Peter Rofes, a Marquette University law professor in Milwaukee, said there’s a positive side to investing “the time, the effort, the money to engage the challenge” of proposing laws almost certain to prompt lawsuits they may not survive.
“It’s a victory for those who seek to keep it in the nation’s consciousness,” he said.
Rofes predicted the federal cases will rise at least to the regional appeals courts of appeal. Wisconsin Attorney General J.B. Van Hollen has filed papers signaling his intention to appeal an Aug. 2 ruling by a U.S. judge temporarily blocking the state’s hospital affiliate law.
Judges, the Arkansas law professor, agreed.
“I don’t think the current court is inclined to revisit Roe,” he said. “Until there’s a one-justice switch, I think it’s going to rest in the lower courts.”
Chief Justice John Roberts and associate justices Antonin Scalia, Clarence Thomas and Samuel Alito are perceived as the most likely to vote to revisit the issue and perhaps alter the status quo, Rofes said.
Justices Anthony Kennedy, Steven Breyer, Ruth Bader Ginsberg, Sonia Sotomayor and Elena Kagan are widely viewed as unwilling to fundamentally alter the law, he said.
National Right to Life is pushing for a different kind of legislation, barring abortion at the 20th week of a pregnancy on the ground that a fetus at that point can feel pain.
Such measures have been passed in the U.S. House of Representatives and 10 states, most recently Texas.
“Pain is a subjective experience, no matter who is experiencing it,” Cassing Hammond, a professor at Northwestern University in Chicago and a doctor of obstetrics and gynecology, said in a phone interview. Neural pathways that transmit that sensation and cerebral development needed to process it as pain typically don’t fully develop in a fetus until at least the 23rd week of a pregnancy, he said, and possibly not until the 29th.
“We simply do not have evidence that those pathways are in place” at 20 weeks, he said, even if neuroscience has advanced since Roe. “These bans do not make good scientific sense.”
Hammond served as chairman of the National Abortion Federation’s board from 2010 to 2012. He said his views are “not about politics. It’s about providing safe care to patients.”
Linton of the Thomas More Society said of the pre-viability fetal-pain laws, “I would like to see these bills upheld. I just don’t think they will be.”
An Arizona law criminalizing abortions performed at or after the 20th week of pregnancy was struck down May 21 by a San Francisco-based federal appeals court. Prohibiting the procedure before fetal viability is unconstitutional, the court said.

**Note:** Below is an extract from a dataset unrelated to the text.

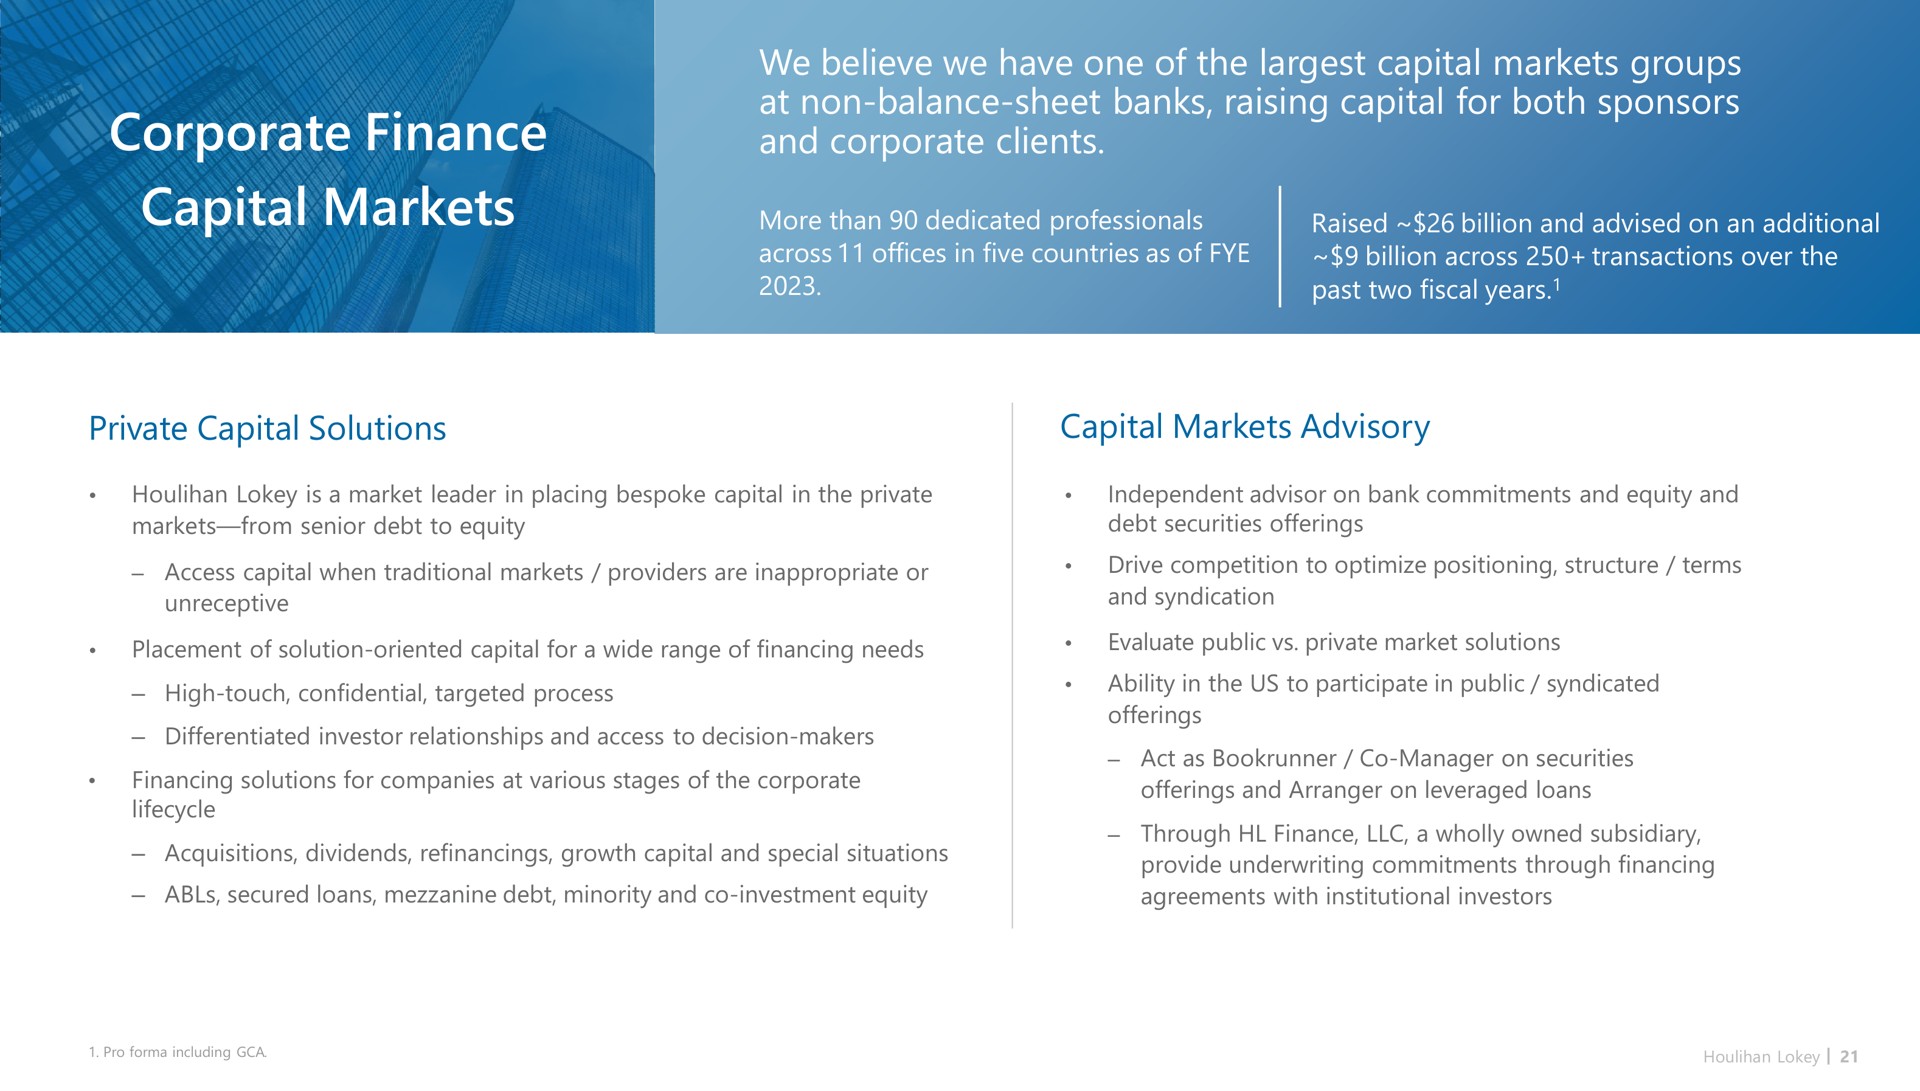 corporate finance capital markets we believe we have one of the capital markets groups at non balance sheet banks raising capital for both sponsors and corporate clients private capital solutions capital markets advisory | Houlihan Lokey

State lawmakers based the statute on “the documented risks to women’s health and the strong medical evidence that unborn children feel pain during an abortion at that gestational age,” according to the appeals court ruling.
The state has until Sept. 28 to petition the U.S. Supreme Court for review. Americans United for Life was among the groups filing briefs in support of the law. Arguing against it were attorneys from the Center and the ACLU.
Balch of National Right to Life said her organization hopes the Supreme Court finds a compelling state interest in protecting the life of a child that can feel pain, based on science that wasn’t available in 1973.
“It hasn’t been before the court before, and we would welcome that challenge,” she said.